Studio album by Joe Morris
- Released: 1999
- Recorded: March 18, 1999
- Studio: PBS Studios, Westwood, Massachusetts
- Genre: Jazz
- Length: 63:43
- Label: Omnitone
- Producer: Joe Morris

Joe Morris chronology
| Many Rings (1999) | Underthru (1999) | Soul Search (2000) |

= Underthru =

Underthru is an album by American jazz guitarist Joe Morris which was recorded in 1999 and released on OmniTone.
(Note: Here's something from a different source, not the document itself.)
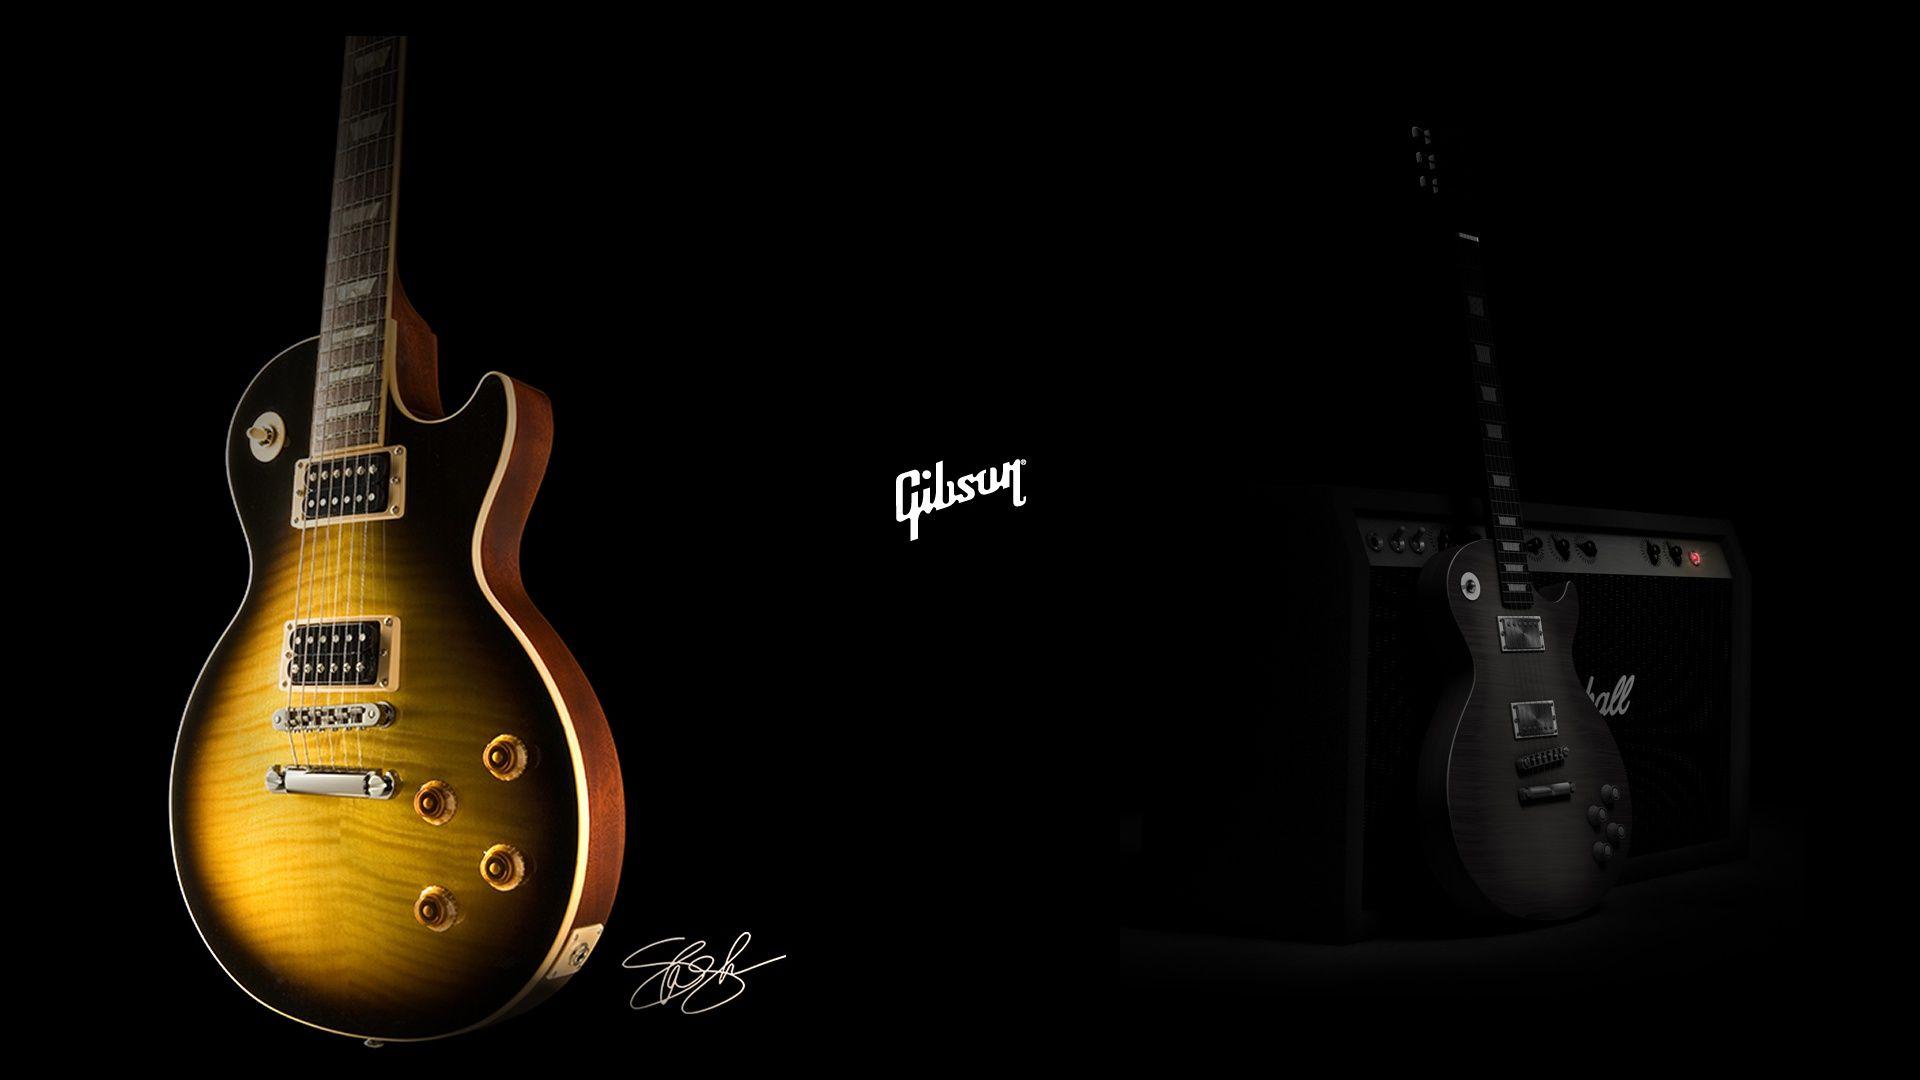 Gibson Les Paul Guitars Wallpapers Wallpaper Cave
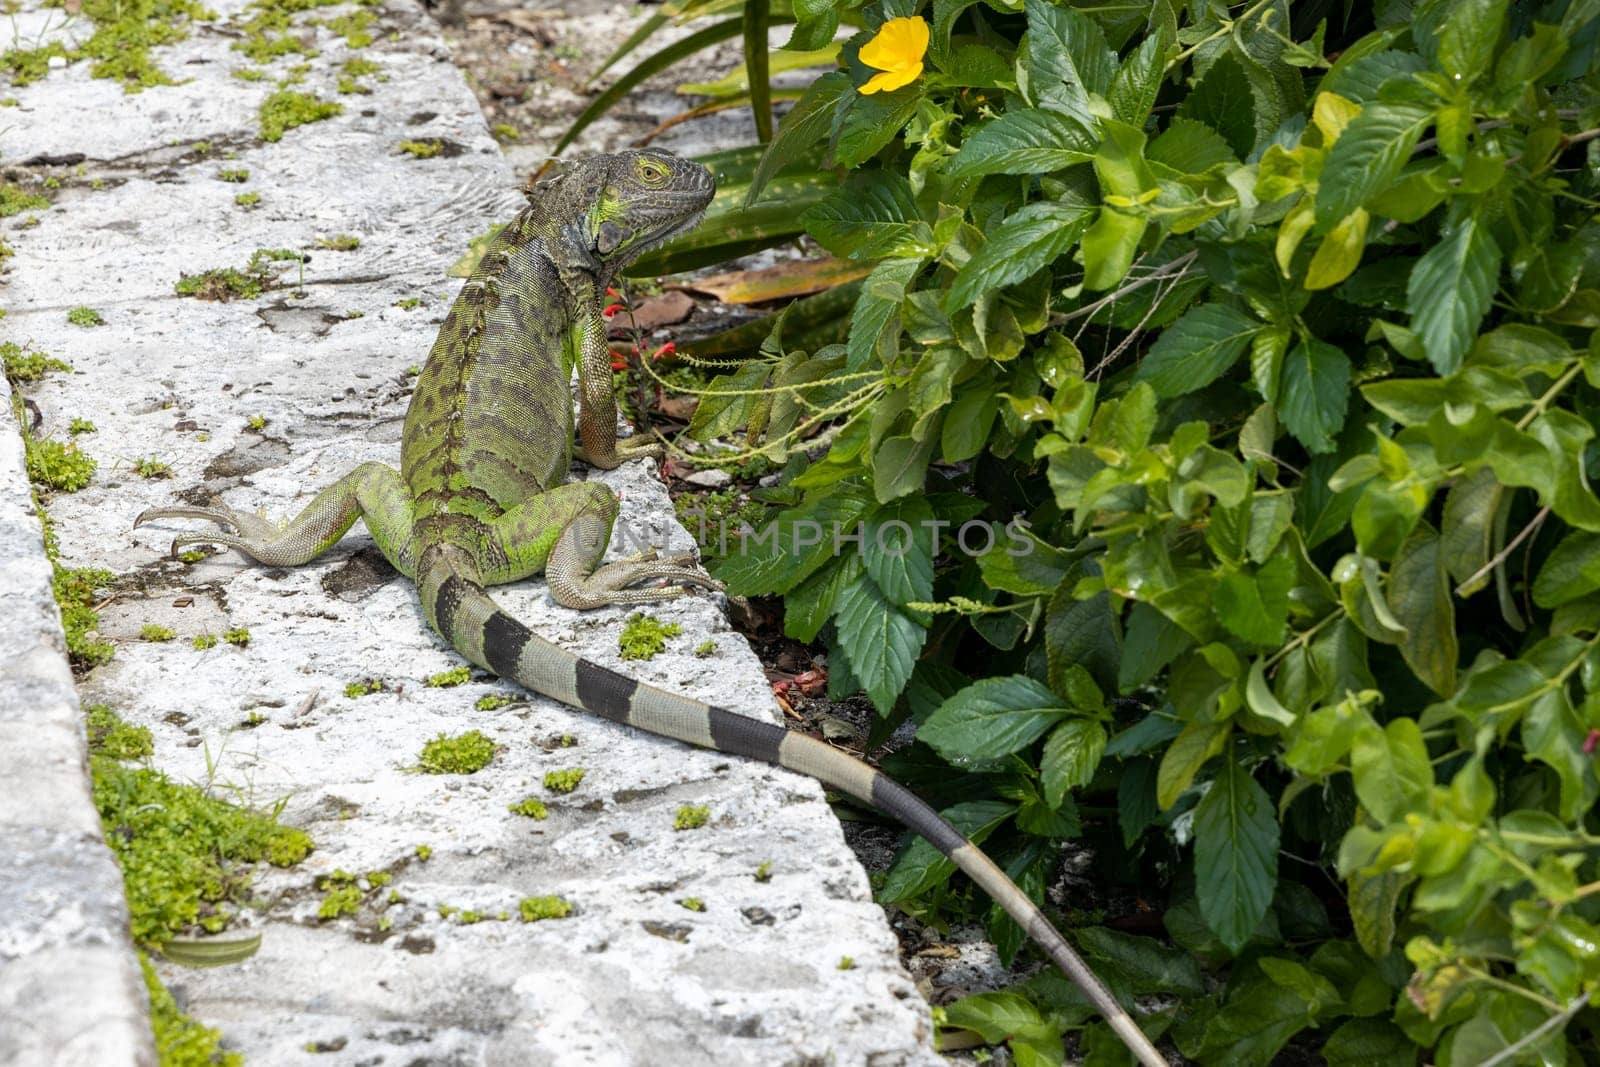 Green exotic iguana among green foliage, wild reptilian, tropical animal, wildlife.

In addition to Morris, the quartet for this album features violinist Mat Maneri, bassist Chris Lightcap and drummer Gerald Cleaver.

==Reception==

In his review for AllMusic, Michael G. Nastos states "Though short of Sonny Sharrock energy-wise and Derek Bailey in terms of innovation, Morris nonetheless holds high qualities of inventiveness, singular purpose, and individual vision."

The All About Jazz review by Glenn Astarita claims "In some respects, Underthru is a bit lighter or perhaps less penetrating than previous 'Quartet' outings yet offers another glimpse of a notoriously 'cutting edge' band who seem capable of pursuing just about any avenue imaginable."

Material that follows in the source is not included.